Entre los animales, señorean las auras tiñosas en las alturas, aves carroñeras típicas en la Isla. Lagartos de diferentes especies y cangrejos corretean discretos por el suelo, siempre escurriéndose ante el visitante. Mariposas, abejas y otros insectos completan parcialmente el cuadro.
Hay varios puntos del bosque donde se puede acampar. Algunas personas hacen un viaje de ida y vuelta en el día, pero es usual encontrar las tiendas de campaña de aquellos que prefieren pernoctar en el lugar, al amparo de las uvas caletas. Estas forman amplios espacios abovedados, bajo los cuales se está a buen resguardo del sol.

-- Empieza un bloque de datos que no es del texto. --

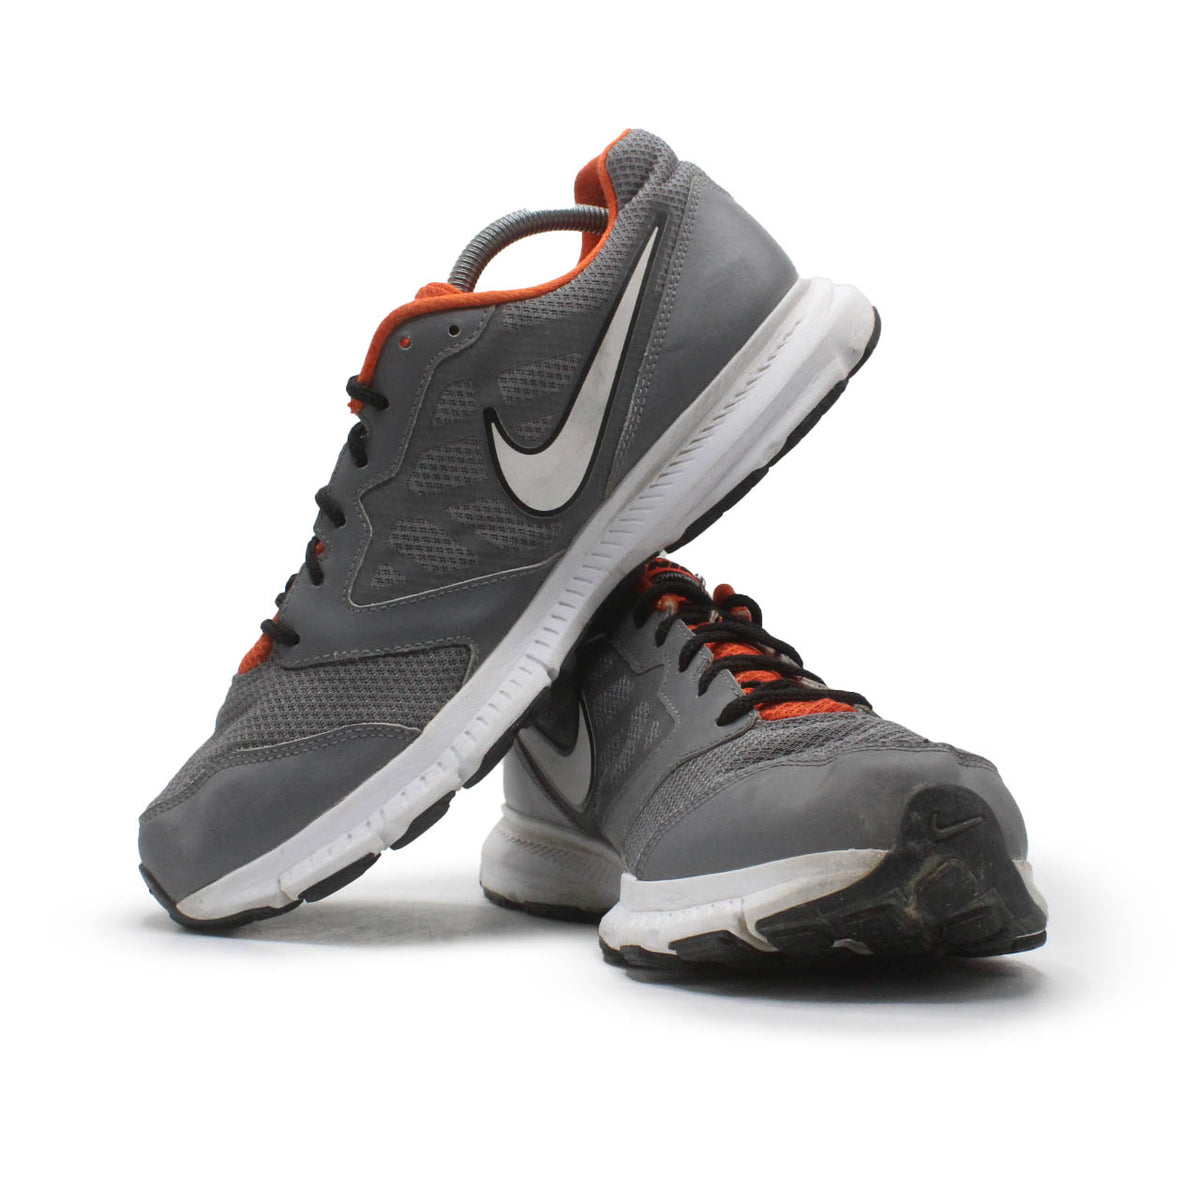 Buy Nike Men's Downshifter 6 Running Shoe Cool Grey/Team  Orange/White/Platinum Size 10 M US at Amazon.in

En los varios viajes que he hecho a lo largo de los años, hay dos cosas que han llegado a constituirse en tradición para el grupo de amigos. Una es el asado, que devoramos todos acuciados por el sorprendente apetito que la actividad física estimula; y la otra, para algunos enamorados del mar entre los que me cuento, es el buceo con esnórquel.
Para minimizar nuestro impacto, siempre llevamos todo lo que consumimos: el agua (que allí, por cierto, no la hay potable), los alimentos y en ocasiones hasta carbón vegetal como combustible, aunque también se encuentran ramas secas que sirven a este fin. Tras la caminata, el cruce del río y la subida de la loma, unos preparan rápidamente algo para merendar y otros montamos enseguida la parrilla y encendemos el carbón o la leña para el asado, casi siempre pollo. Con un delicioso aliño criollo a base de ajo, sal, jugo de limón, algo de pimienta y en ocasiones otras especias locales, el pollo o la carne se cocinan lentamente bajo la vigilancia por turnos de los más experimentados. Después de un refrescante chapuzón, el olor nos llama a gritos de vuelta a la orilla, donde disfrutamos del banquete, usualmente acompañado de arroz congrí, boniato hervido y chicharritas de plátano.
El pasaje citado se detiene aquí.